I was slightly surprised when I grew similarly misty. But heck, I had seen another side of Ezra Cossner now and then. Maybe he
would
have grown on me even more had he lived.
“Anyway,” Elaine sniffed, “Ezra hasn’t much family left, and he was mostly estranged from the remaining ones.” Big surprise. “I don’t know whether he made arrangements for Gigi after his death—even if he didn’t anticipate it happening so soon, macaws can live a long time—but I’d love to adopt Gigi if I could get her to be more friendly with me. If I can’t even touch her cage, though, let alone move her outside it to a perch, I don’t think it would work for either of us. And those noises . . .”

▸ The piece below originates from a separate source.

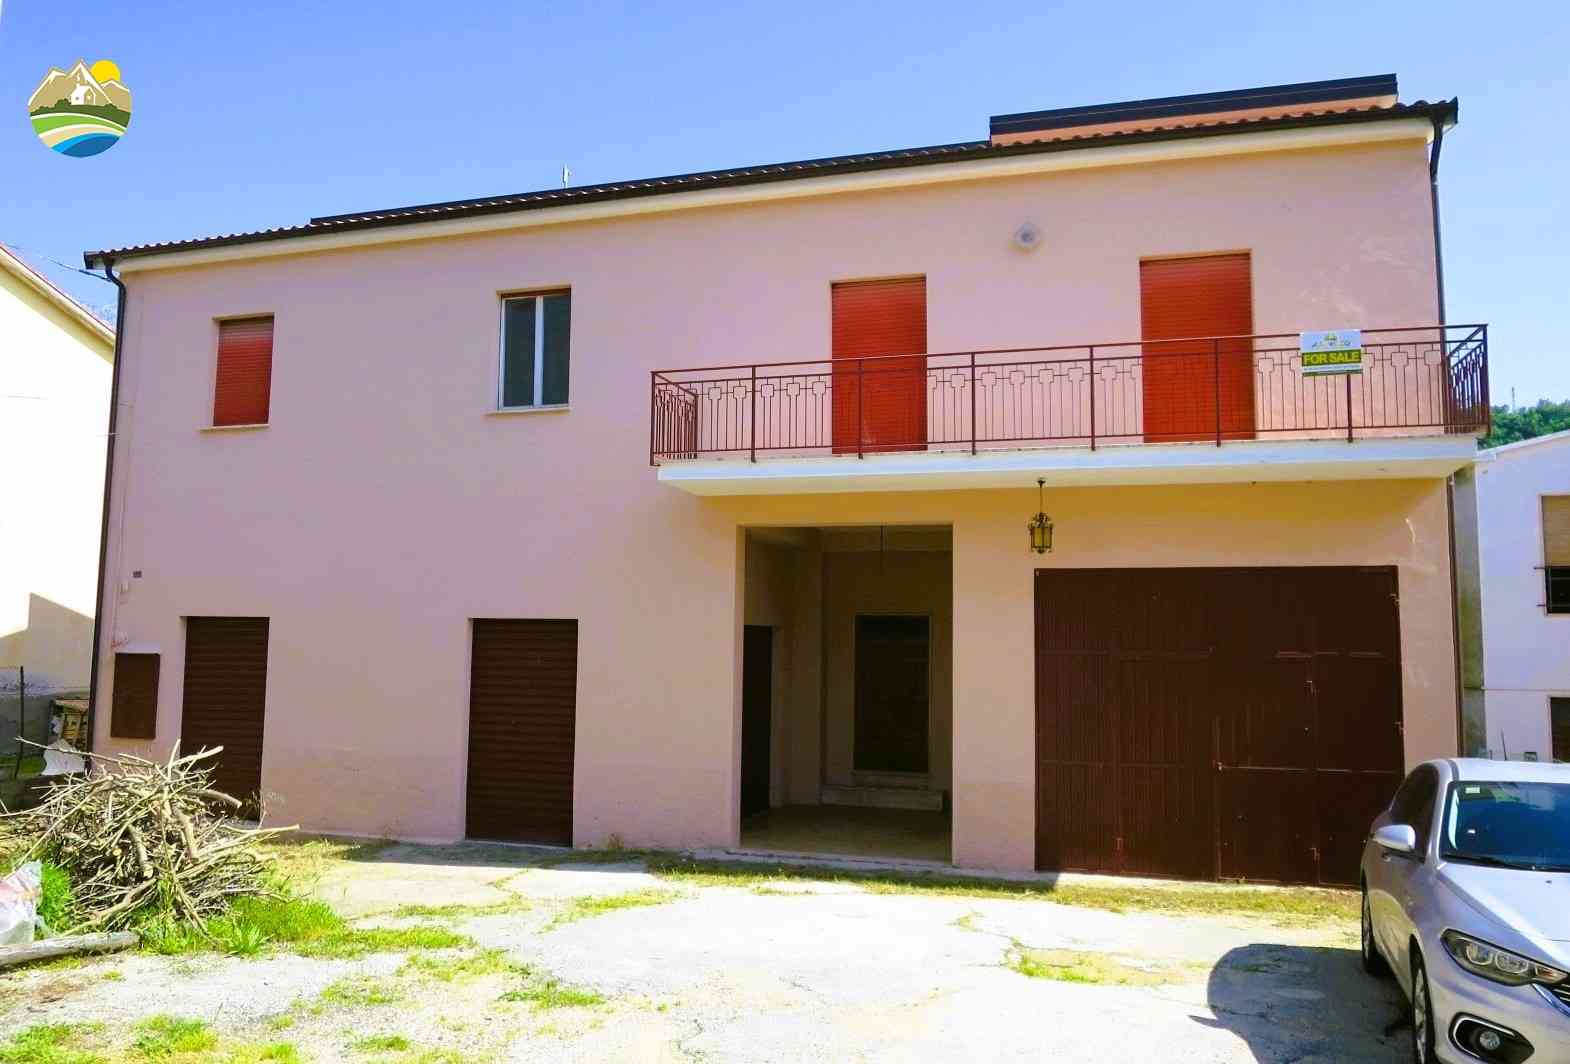 Townhouse Casa del Tiglio - Bisenti - EUR 116.451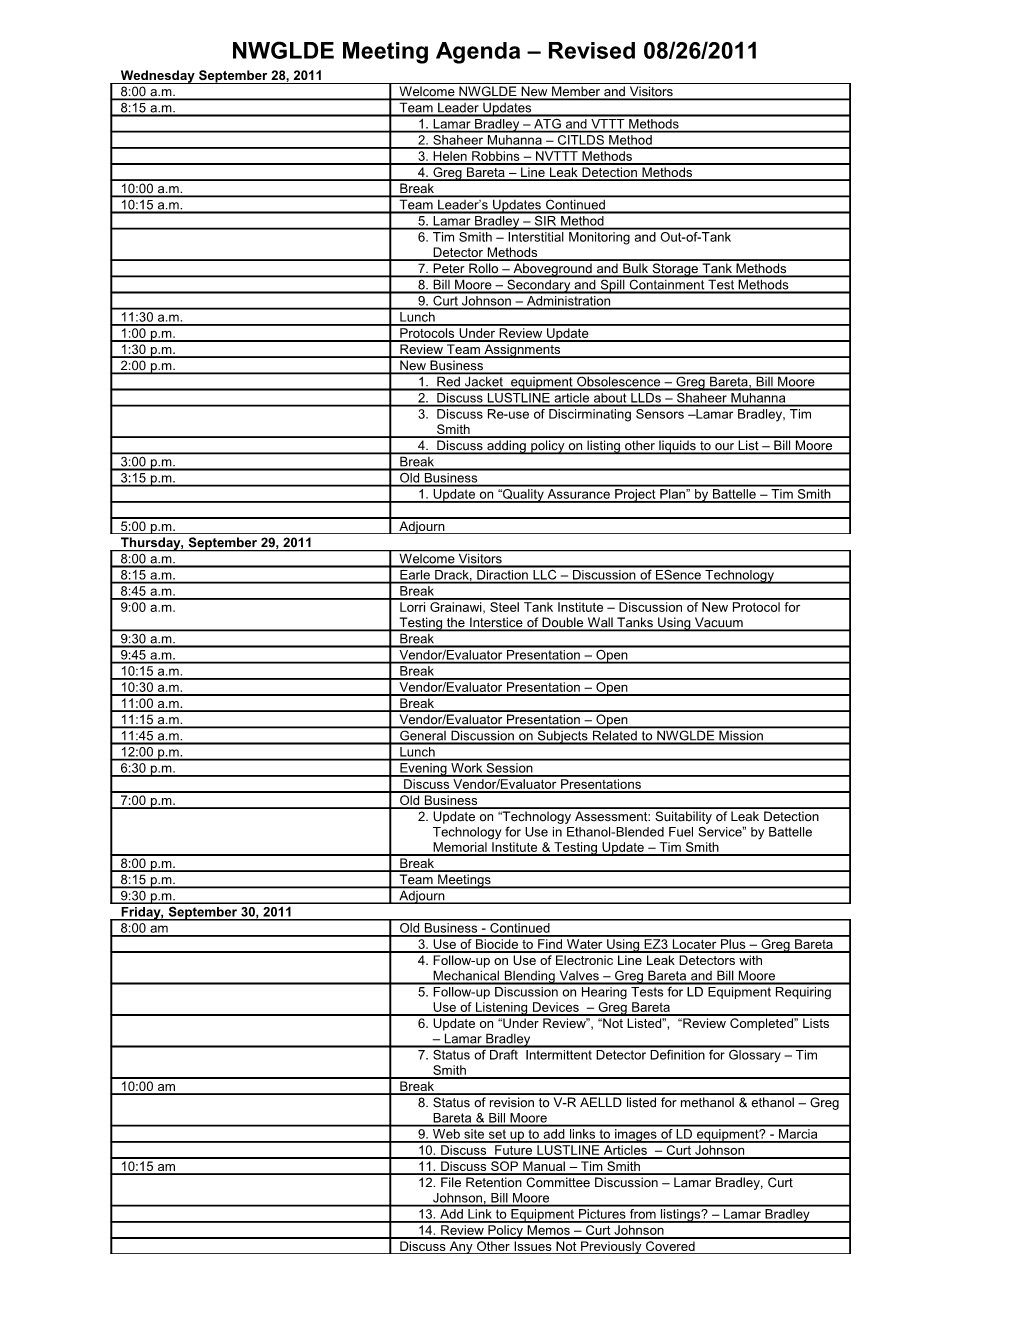 NWGLDE Meeting Agenda Revised 08/26/2011

As if on cue, Gigi’s screams seemed to intensify. Was she about to make some huge revelation about what she’d seen? I nearly yanked open the door. But then she started into a medley of “Gigi, gorgeous girl, gorgeous girl,” combined with wolf whistles. I sighed. If that was some kind of clue, I, for one, didn’t get it.
“Hi,” said a voice from around the reception area, loud enough to be heard over Gigi’s continued chorus. “I didn’t know you were here, Kendra. Is everything okay?” I turned away to see Corrie Montez standing there. She was clad in a sweater and jeans and a slew of file folders. Well, maybe the folders weren’t part of her outfit, but in the few times I’d seen the youthful paralegal since she’d joined the firm along with Ezra a few days ago, she’d always seemed to be clad in a bunch.
Corrie had short black hair, huge brown eyes, a largeish nose, and a small, ever-lipsticked red mouth. Ezra had stolen her from his former firm—another reason for them to be peeved with him.
I thought about Jonathon Jetts, the partner who’d shown up here yesterday and assailed Ezra for waltzing away with his former firm’s clients. Coming here with Corrie could have provided icing on the ill-willed cake. Could Jetts have been mad enough to murder Ezra?